Where Sword and Soul ends and before Steamfunk begins, there is the Age of Spring Technology and Clockwork.

Imagine an alternate universe where chronomancer Benjamin Banneker crafts a world of automatons, clockwork airships and other marvels; where Nat Turner leads a rebellion, killing hordes of vampire slave owners; where the pirate queen, Black Pitch Pauline joins Jean-Jacques Dessalines in defeating Napoleon during the Haitian Revolution. Think Three Finger’d Jack; the pirate, Black Caesar; the Black Count, Nat Turner, and the Stono Rebellion…THAT is Rococoa!

Fourteen masters of speculative fiction have taken a new genre, embraced its established themes and refashioned them in surprising ways and settings. The result is an anthology that defies its genre even as it defines it.

 

Dieselfunk!

Take an amazing ride with eight authors as they add a funky twist to the Dieselpunk genre!

The Dieselfunk! anthology fills a void common in most speculative fiction genres, providing a much needed voice from an African/African Diaspora perspective.

Think the Harlem Renaissance meets Science Fiction… think Chalky White (from Boardwalk Empire) doing battle with robots run amok in his territory… think Mob bosses; Nazis; flappers. Jazz; the Tuskegee Airmen; bootleggers; Bessie Coleman; Marcus Garvey; the 761st Tank Battalion; the Tulsa Race Riots… that is Dieselfunk!

 

The City: A Cyberfunk Anthology

The City anthology is a unique creation – a collection of stories where eighteen different authors share their vision of a single idea. It is Cyberfunk – cyberpunk stories that play with future concepts from an African/Black perspective. Most of all it is engaging, exciting, thought provoking and fun.
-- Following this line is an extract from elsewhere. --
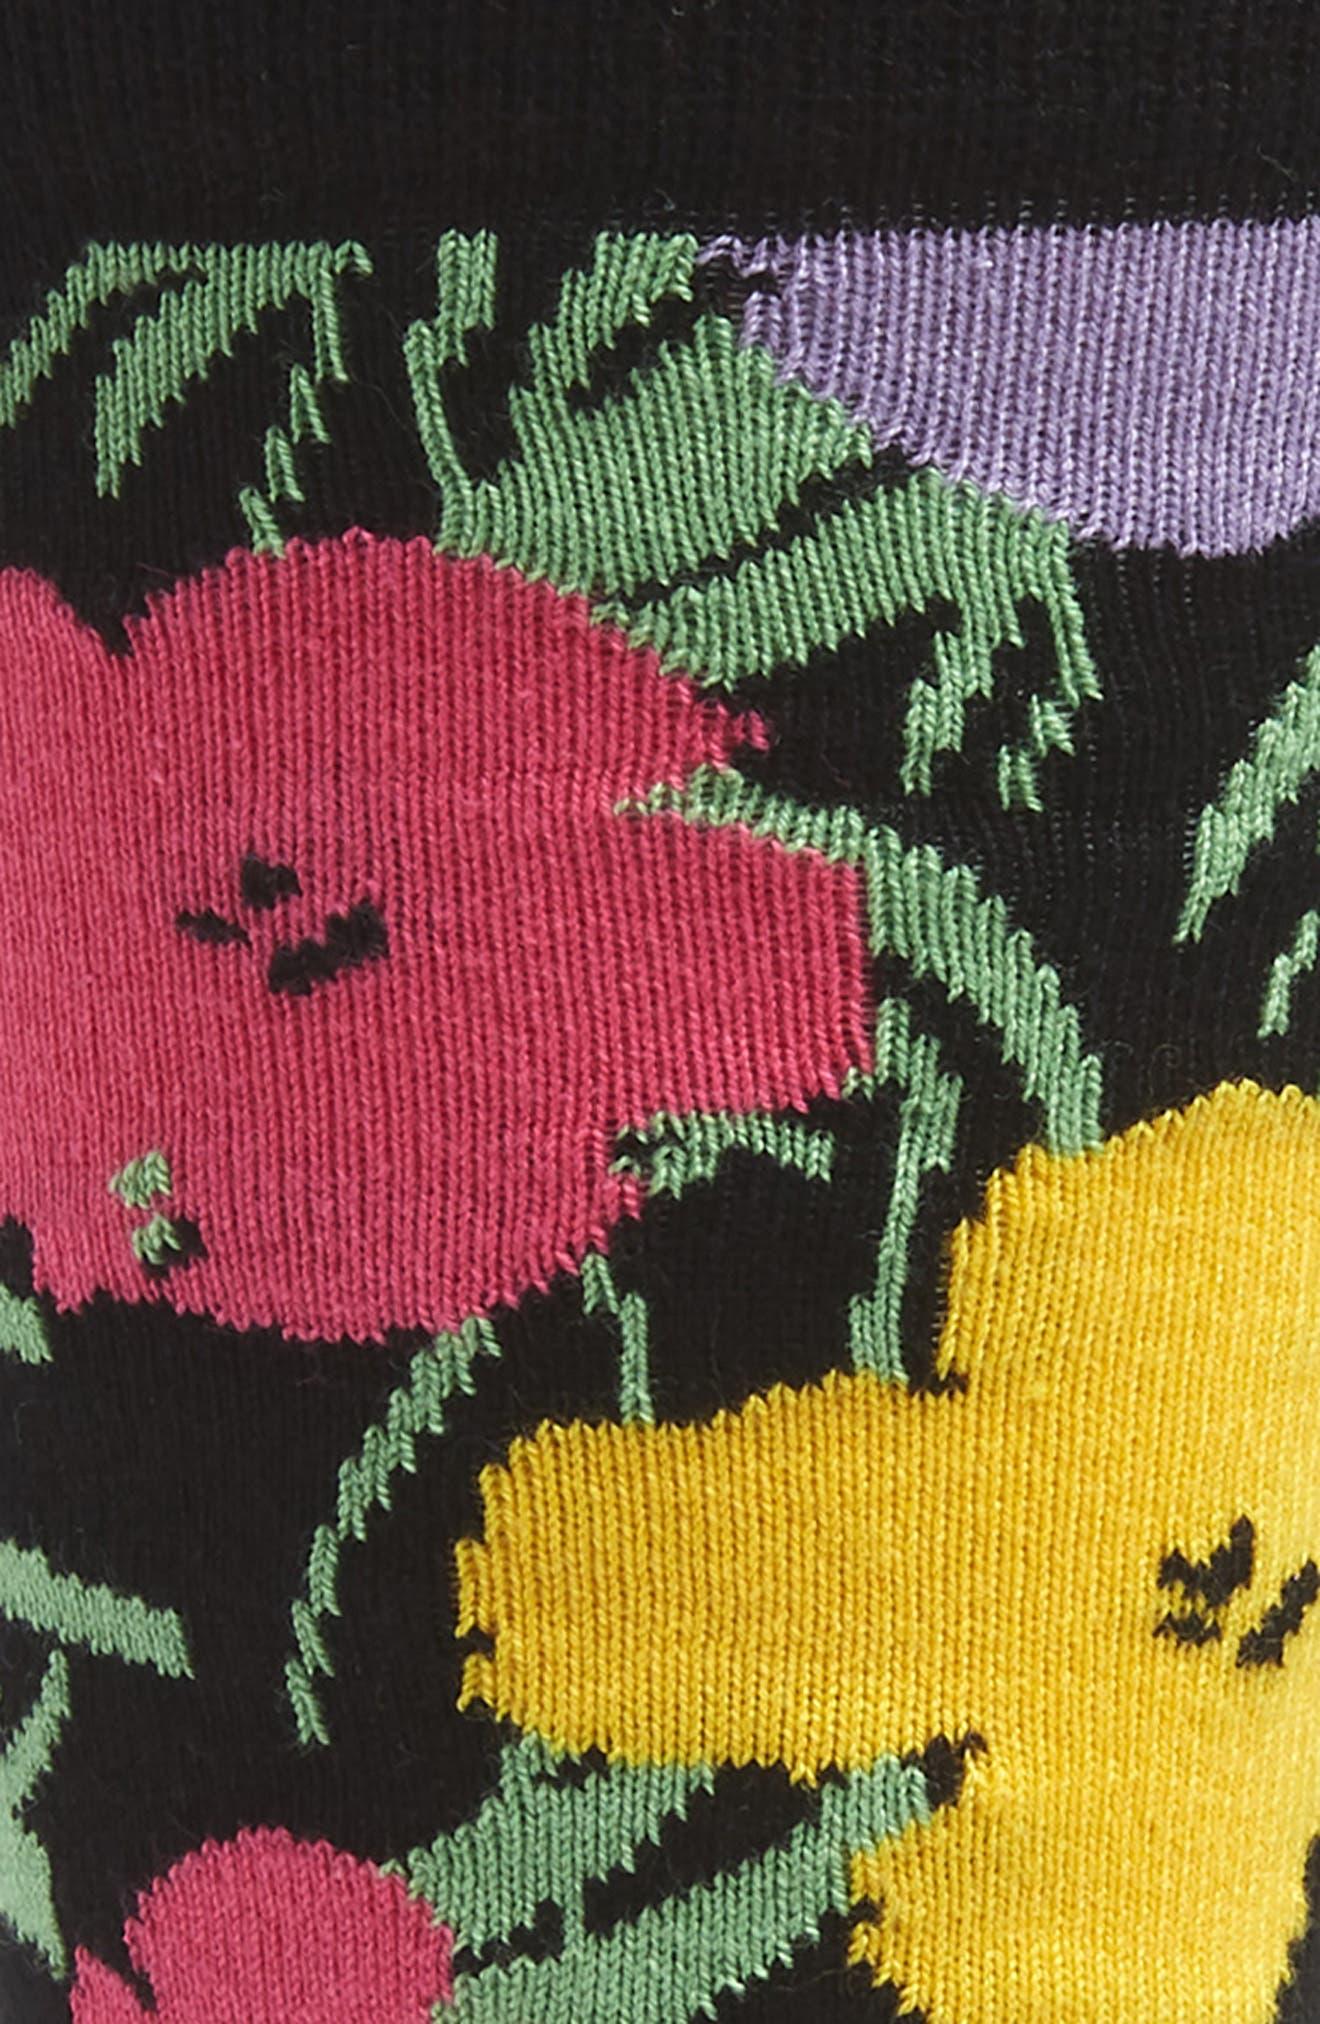 Andy Warhol Flower Socks,                             Alternate thumbnail 2, color,                             PINK

Like the inhabitants, the City is perceived in various ways by the various writers. Some stories intersect, some diverge, but they all entertain. The result is a journey into a unique world described by unique and engaging voices.

 

Dark Universe

The Dark Universe anthology tells the origin story of the Cassad Empire, from its ambitious beginning to its evolution to the first great human Galactic Empire and its eventual fall.
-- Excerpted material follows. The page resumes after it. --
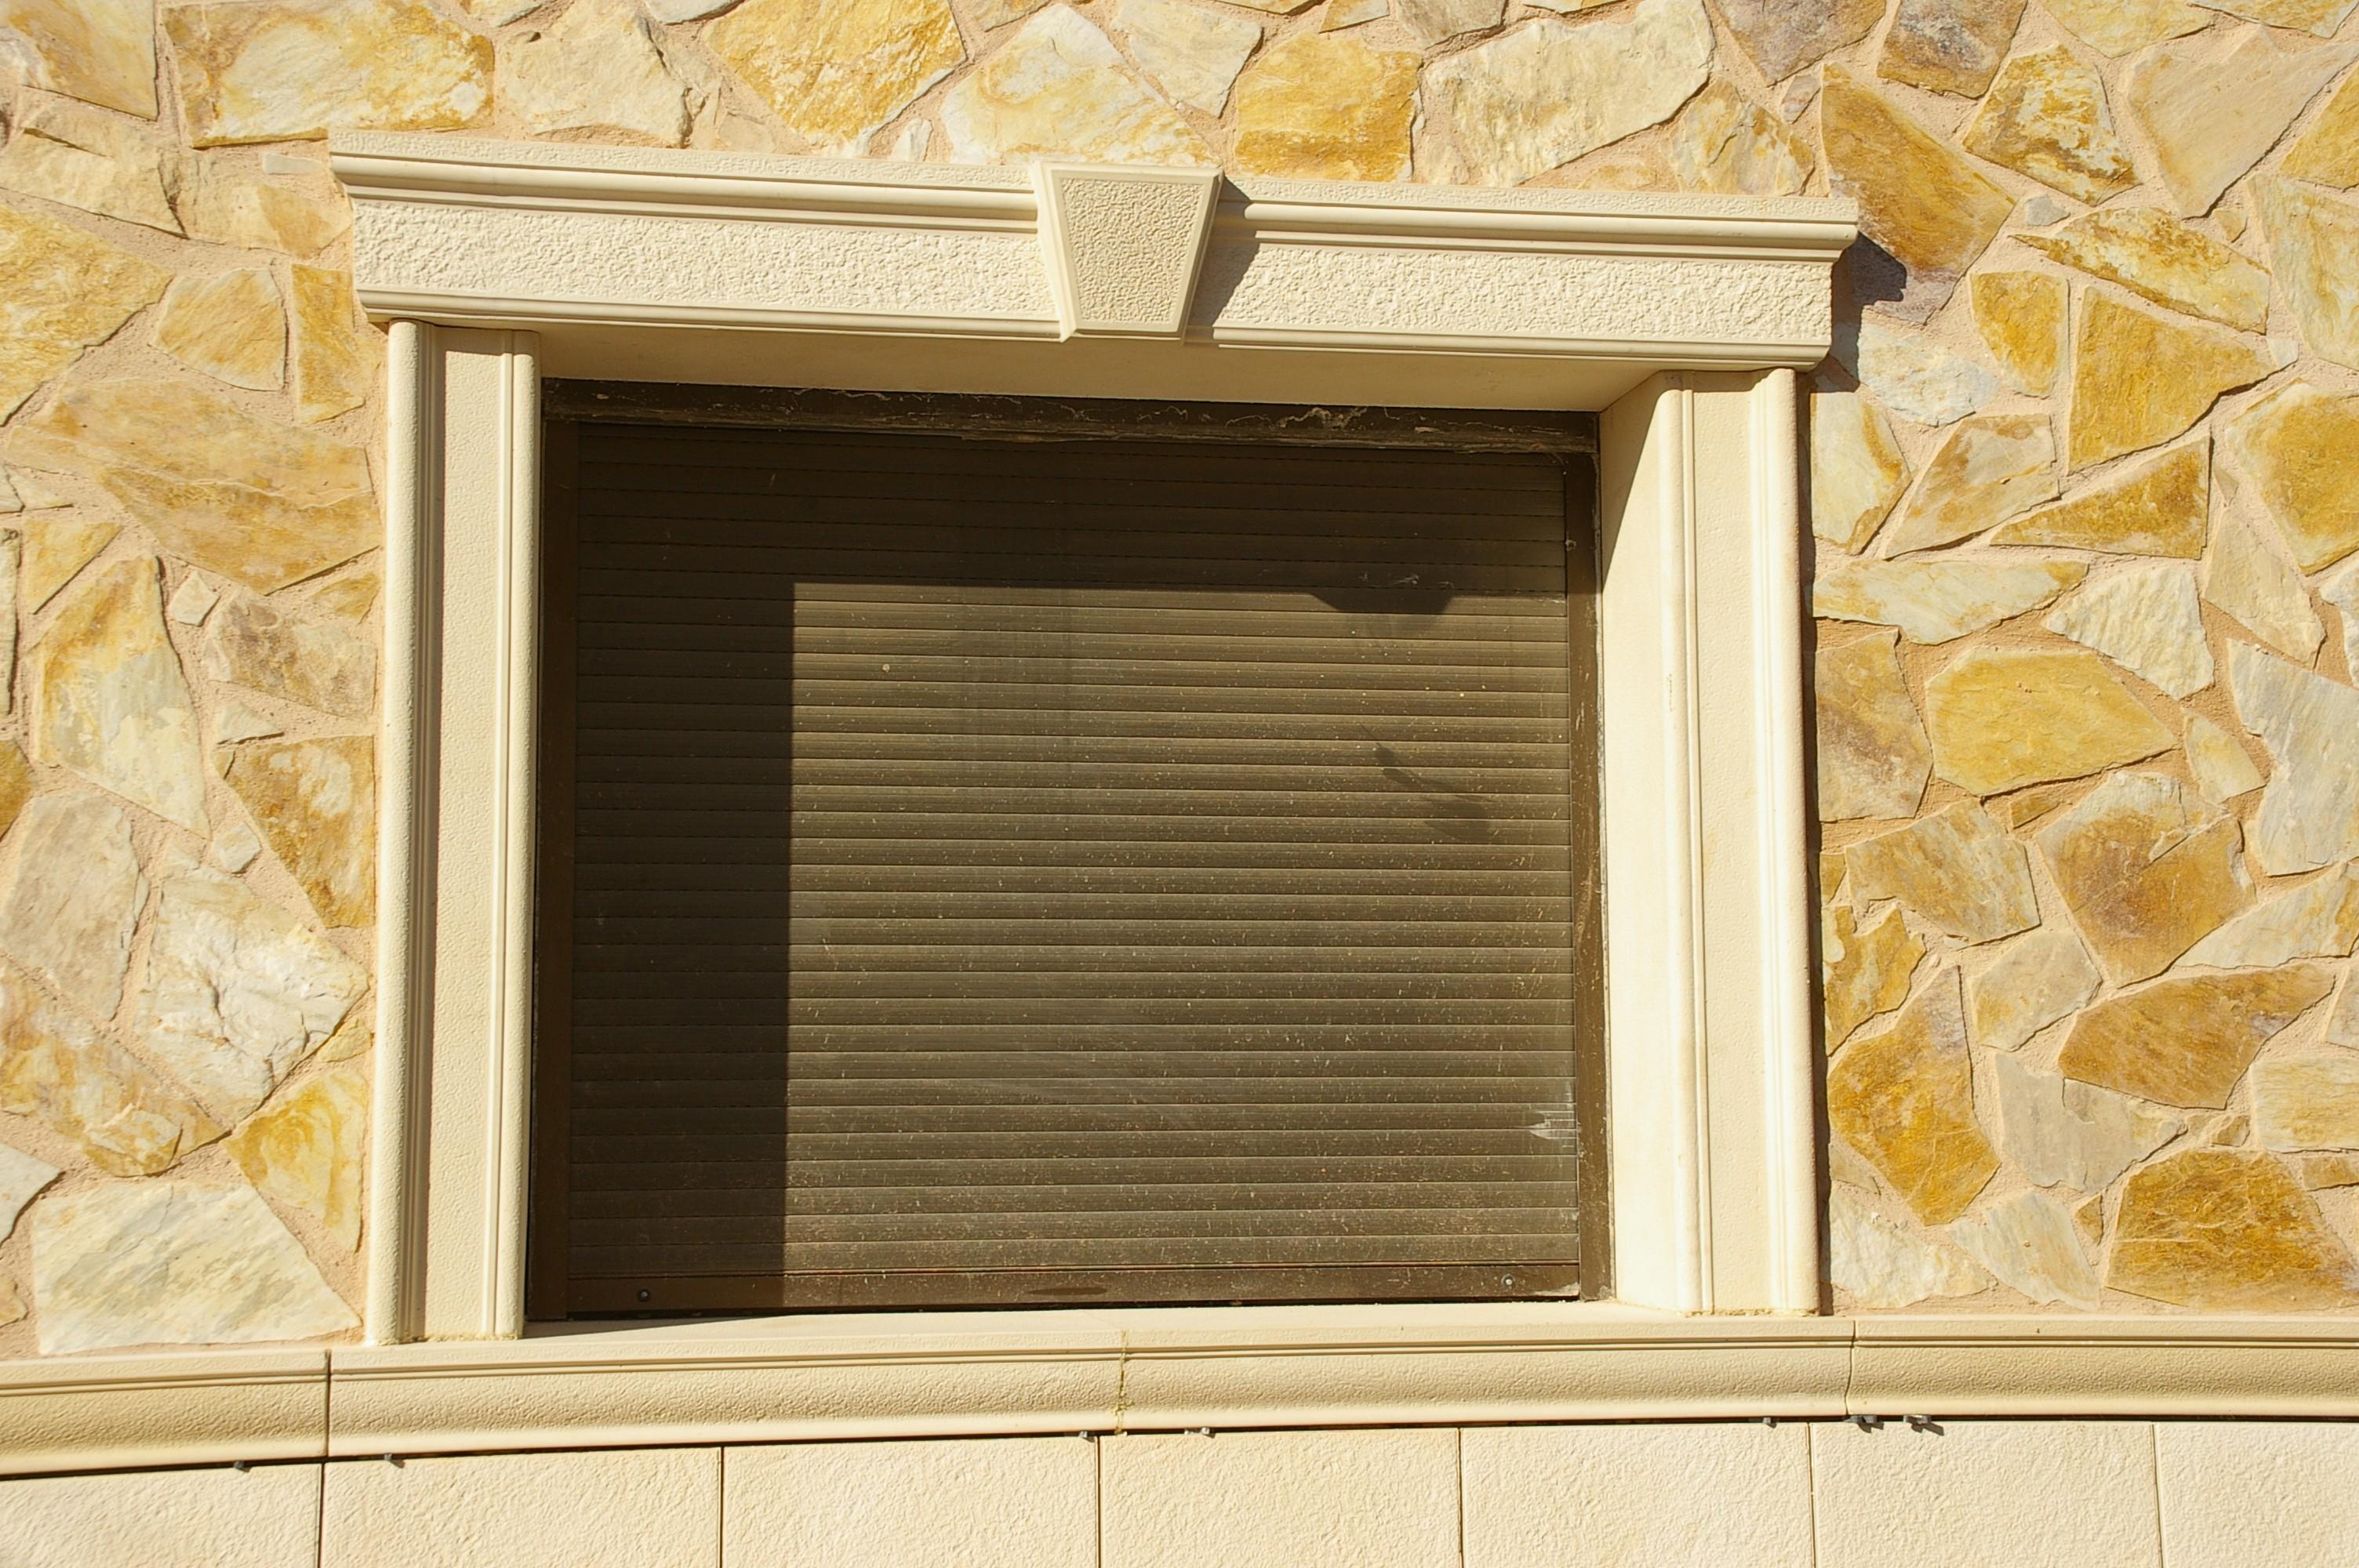 Molduras para ventanas puertas genuardis portal picture - Molduras de puertas ...

Dark Universe is space opera like you’ve never seen.

The time has come; Dark Universe is here!

 

Griots: Sisters of the Spear

Griots: Sisters of the Spear picks up where the groundbreaking Griots: A Sword and Soul Anthology leaves off.

Charles R. Saunders and Milton J. Davis present seventeen original and exciting Sword and Soul tales focusing on Black women. Just as the Griots anthology broke ground as the first Sword and Soul anthology, Griots: Sisters of the Spear pays homage to the spirit, bravery and compassion of African women.

The griots have returned to sing new songs, and what wonderful songs they are!

 

Forever Vacancy: A Colors in Darkness Anthology

Colors in Darkness, the premiere online site for dark fiction authors of color presents its first anthology and boy did they bring the thrills and chills!

Amid the upheaval of the 1960s, the Kretcher Motel opened in a poor, desolate part of Atlanta. It still serves its original purpose: to lure those souls who are lost, who are troubled, who are evil… to itself.

Check in to view these thirteen dark tales of horror, betrayal, fear, and wickedness, all featuring characters of color. You may never want to leave.

 

 

Dark Matter: A Century of Speculative Fiction from the African Diaspora

Dark Matter was the first series to bring together the works of Black Science Fiction and Fantasy writers and introduce them to generations of readers who never had the chance to explore the scope and diversity of Black writers or Black Speculative Fiction.

 

Sycorax’s Daughters

Thought-provoking, powerful, and revealing, this anthology is composed of 28 dark stories and 14 poems written by Black women writers. The works delve into demons and shape-shifters to far future offerings. These pieces cover vampires, ghosts, and mermaids, as well as the unexpected price paid by women struggling for freedom and validation in the past.